GAIN Capital seeks to stay patent infringement lawsuit brought by OANDA

Maria Nikolova

GAIN has filed petitions with the PTAB in order to invalidate every claim of two of OANDA’s patents.

GAIN Capital Holdings, Inc., and GAIN Capital Group, LLC are pushing for a stay of the action brought by OANDA against them over alleged patent infringement.

On September 17, 2020, GAIN filed a motion to stay with the New Jersey District Court. In the supporting brief, GAIN explains that it seeks to stay the litigation pending resolution of GAIN’s petitions for covered business method (“CBM”) review filed on September 14, 2020, and September 15, 2020, before the U.S. Patent and Trademark Office Patent Trial and Appeal Board (PTAB).

Let’s recall that OANDA alleges that GAIN infringes two patents, U.S. Patent Nos. 7,146,336 (“the ’366 patent”) and 8,392,311 (“the ’311 patent”) (collectively, “Asserted Patents”). OANDA filed its Complaint on May 11, 2020. GAIN moved to dismiss for failure to state a claim on July 17, 2020, with the crux of the motion being that OANDA failed to identify any GAIN product of infringement and failed to describe how any GAIN product alleged infringes at least one claim of each patent. Thus, the accused products are not yet actually identified in this case, GAIN notes.

On September 14, 2020, and September 15, 2020, GAIN filed CBM petitions for each of the two Asserted Patents. GAIN’s pending petitions request that the PTAB invalidate every claim of the Asserted Patents.

According to GAIN’s petitions, the claims of the Asserted Patents are directed to the abstract idea of currency trading, which is an age-old business practice stretching back generations. While the platform for currency trading has shifted over time—from physical markets, to phones, to computers—the fundamental aspects of the trading process have endured. Regardless of the underlying platform, traders have long been able to interact with currency dealers to receive price quotes, negotiate rates, and make trades, much like any other financial transaction.

The claims of the Asserted Patents merely describe a standard currency trade being performed by generic computers, GAIN says. In the ’311 patent, a generic server sets and maintains exchange rates and then communicates those rates to a client, just as currency dealers and brokers have done for generations. The trader then submits a standard order – identifying the currency, the amount to be traded, and a requested price – using a generic client system. The generic server then accepts or rejects the order, checking the request price against the currently available price, and informs the trader if the trade is accepted. The claims thus broadly describe a conventional order-based currency trade, GAIN says.

In the ’336 patent, each system includes an off-the-shelf server front-end and database, as well as generic computer modules associated with basic currency trading functions: a “transaction server,” a “rate server,” and a “pricing engine.” Beyond these generic components, each claim recites an additional, but equally conventional currency trading feature that again reflects a longstanding currency trading practice, GAIN explains.

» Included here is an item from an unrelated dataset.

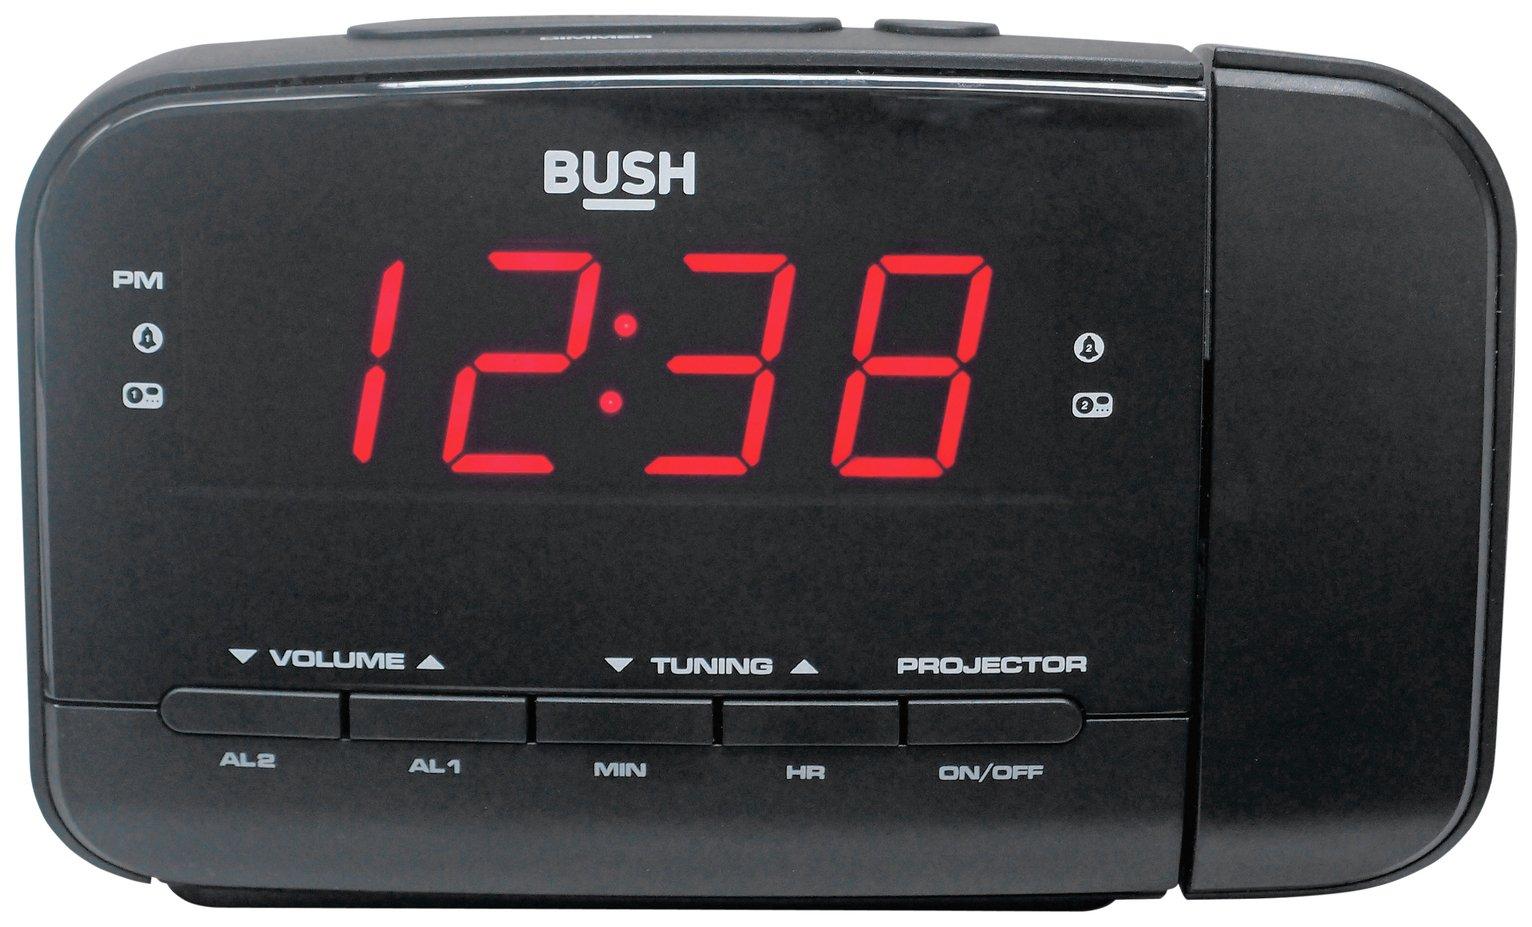 Bush - Projection Alarm Clock

The claims thus broadly describe a generic computer system that performs a fundamental economic practice recited at a high level of generality.

According to GAIN, the claims made in OANDA’s patents broadly describe conventional currency trading practices performed on a computer. Yet the mere use of a generic computer to replicate a longstanding business practice does not render an abstract idea eligible for a patent, GAIN says.

The PTAB is expected to issue institution decisions for GAIN’s CBM petitions in March 2021. If the PTAB institutes, then a final determination on the merits is expected by March 2022.

GAIN says that the facts weigh strongly in favor of immediately staying this litigation, which is only in its infancy, pending CBM review because: (1) no schedule has been set and no discovery has taken place; (2) a stay until completion of the CBM proceedings will simplify—and potentially wholly eliminate—the issues for trial; (3) OANDA will suffer no undue prejudice or tactical disadvantage from a stay because OANDA delayed in filing this litigation and elected to forgo seeking a preliminary injunction; (4) and a stay will reduce the burden of litigation on the parties and the Court.